* **Task**
Give the data below again exactly as written, without its pictures.

* **Data section**
.....

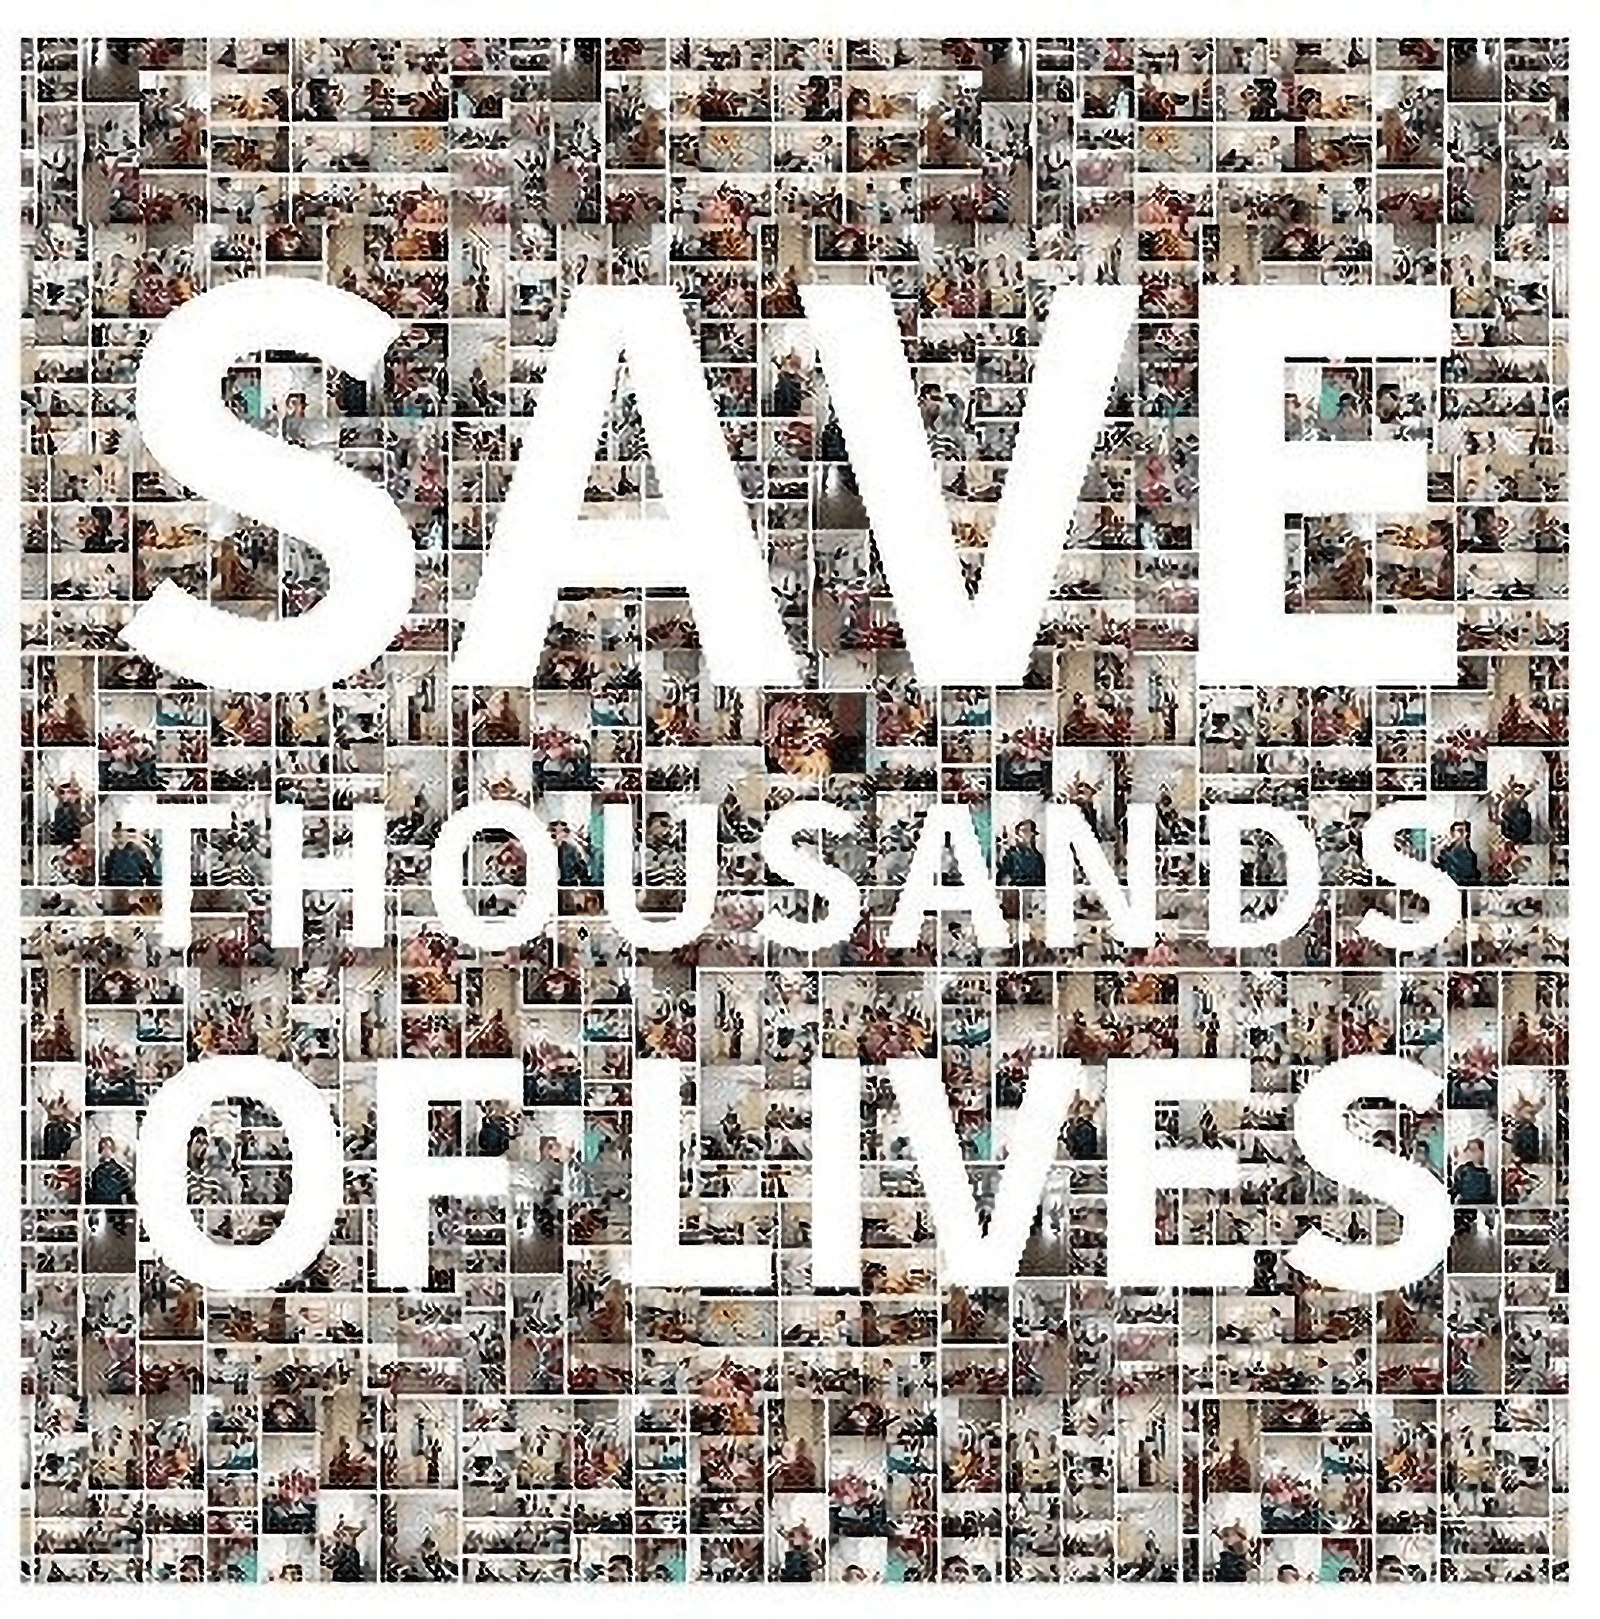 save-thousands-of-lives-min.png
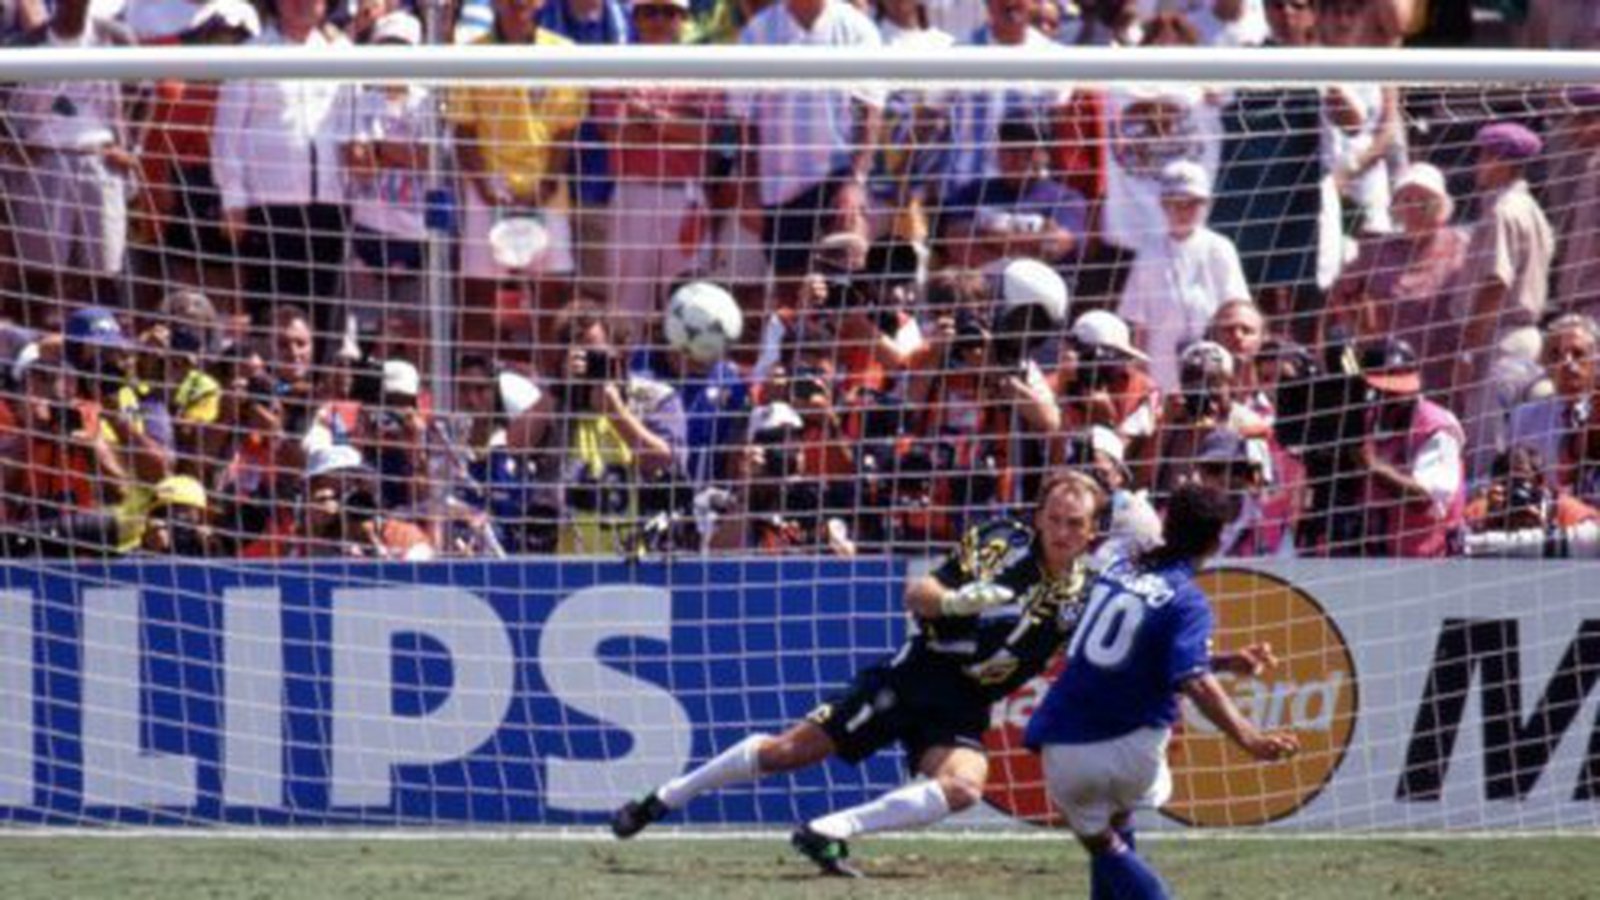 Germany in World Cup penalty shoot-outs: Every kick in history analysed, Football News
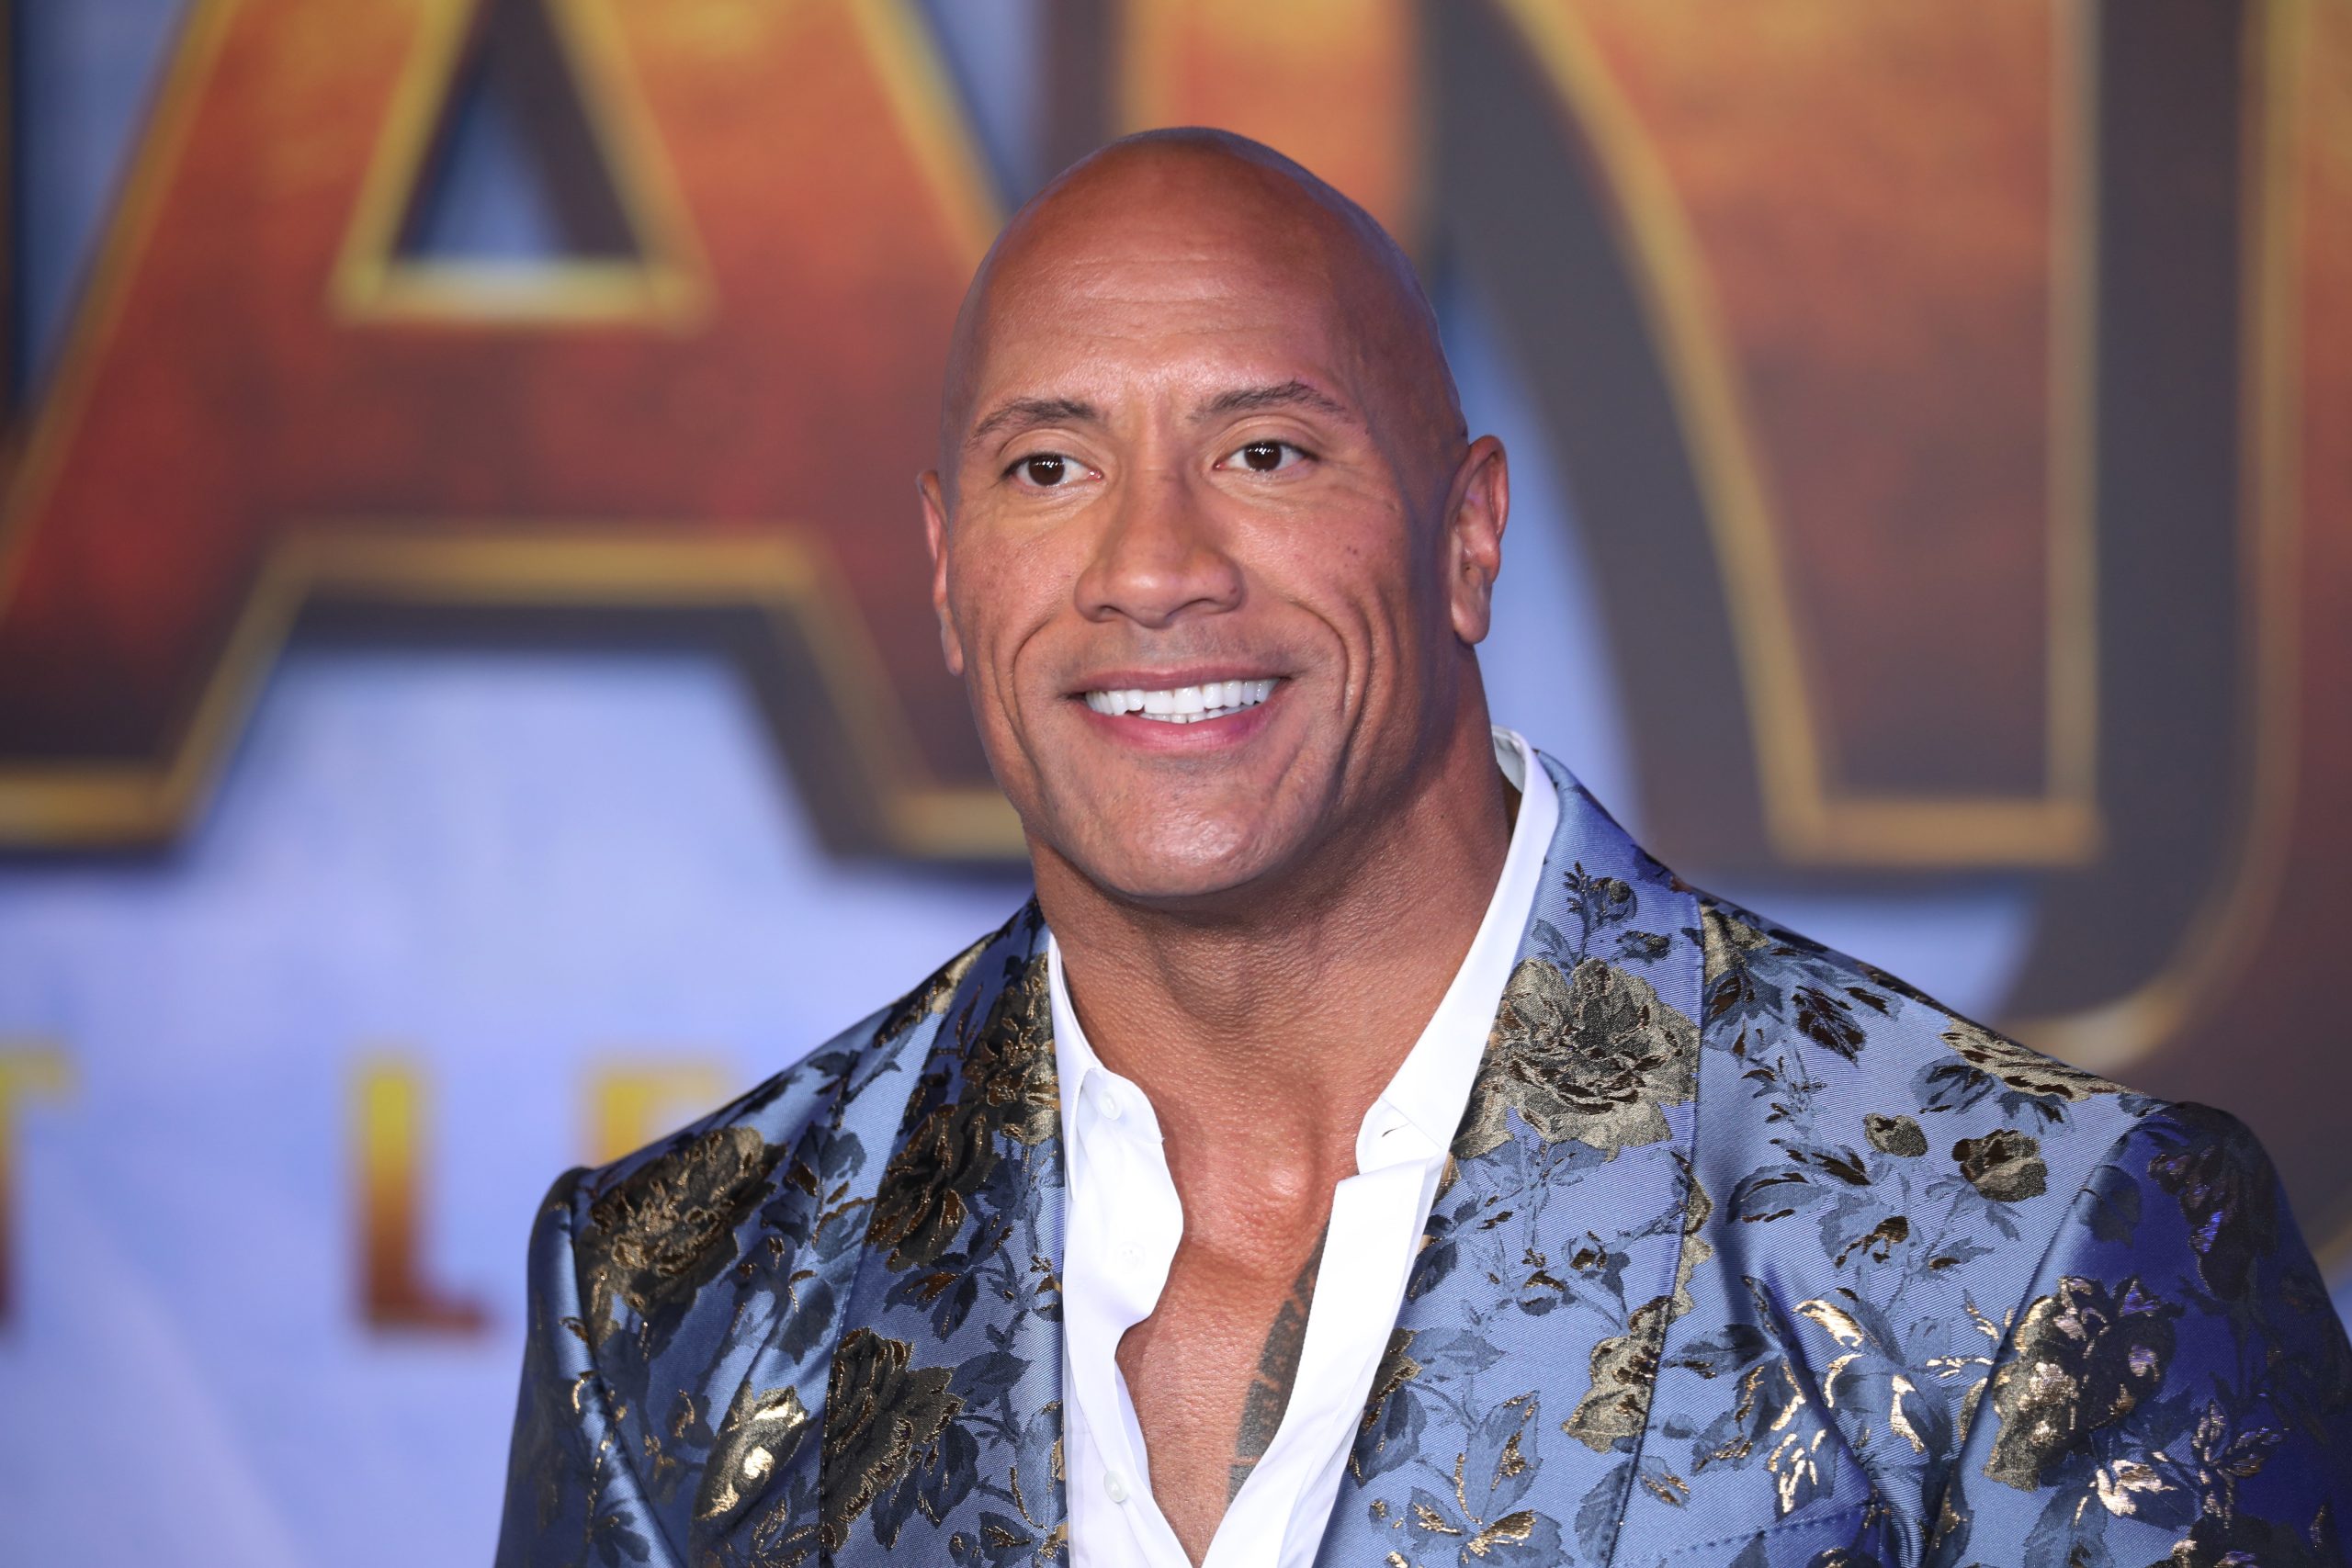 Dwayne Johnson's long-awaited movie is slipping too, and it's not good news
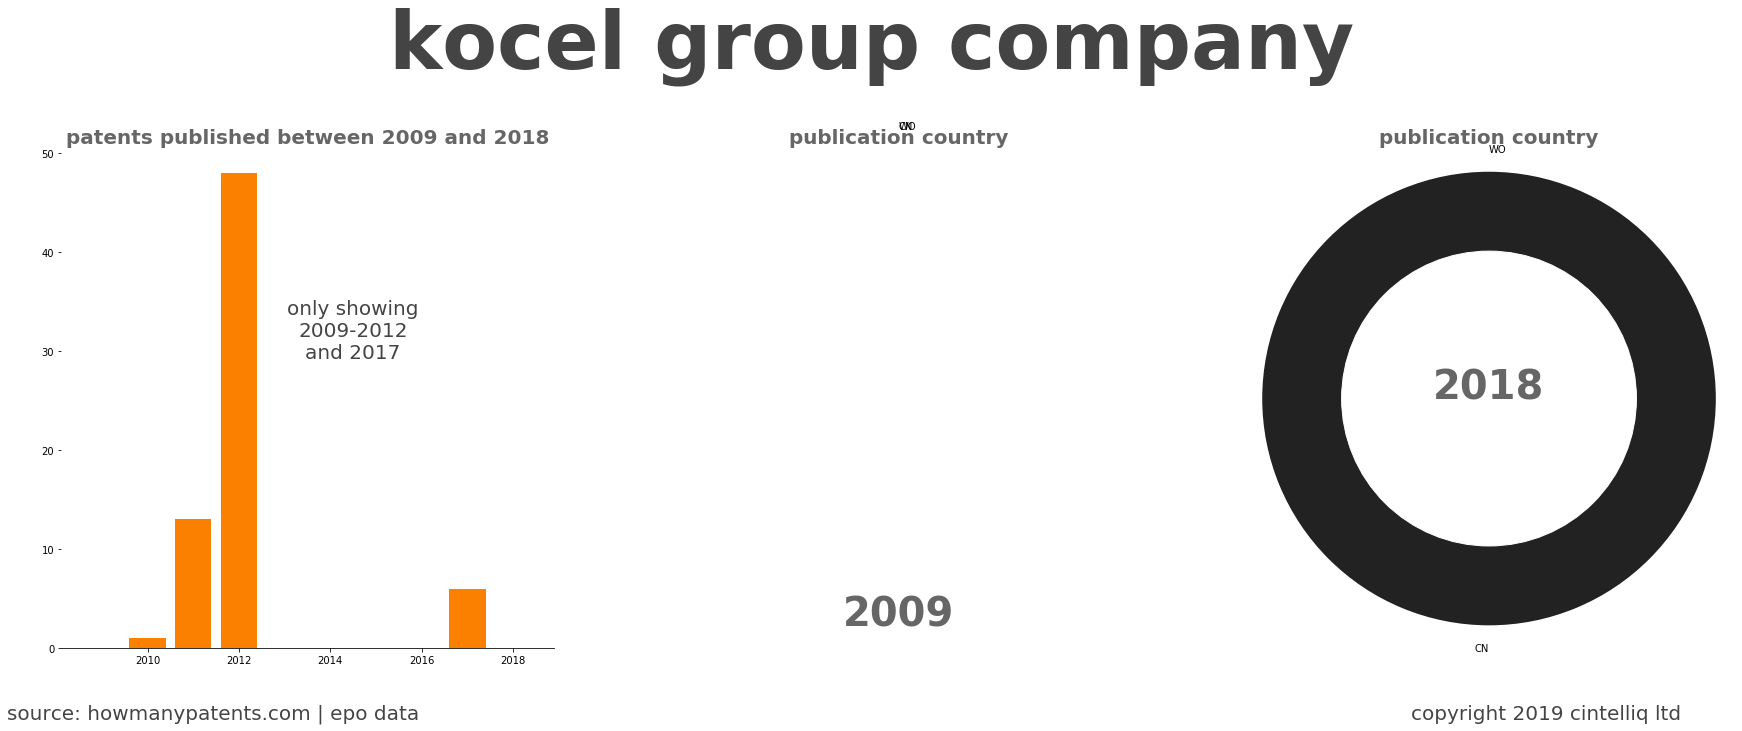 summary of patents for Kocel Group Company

.....

* **Solution to the problem**
 save-thousands-of-lives-min.png
 Germany in World Cup penalty shoot-outs: Every kick in history analysed, Football News
 Dwayne Johnson's long-awaited movie is slipping too, and it's not good news
 summary of patents for Kocel Group Company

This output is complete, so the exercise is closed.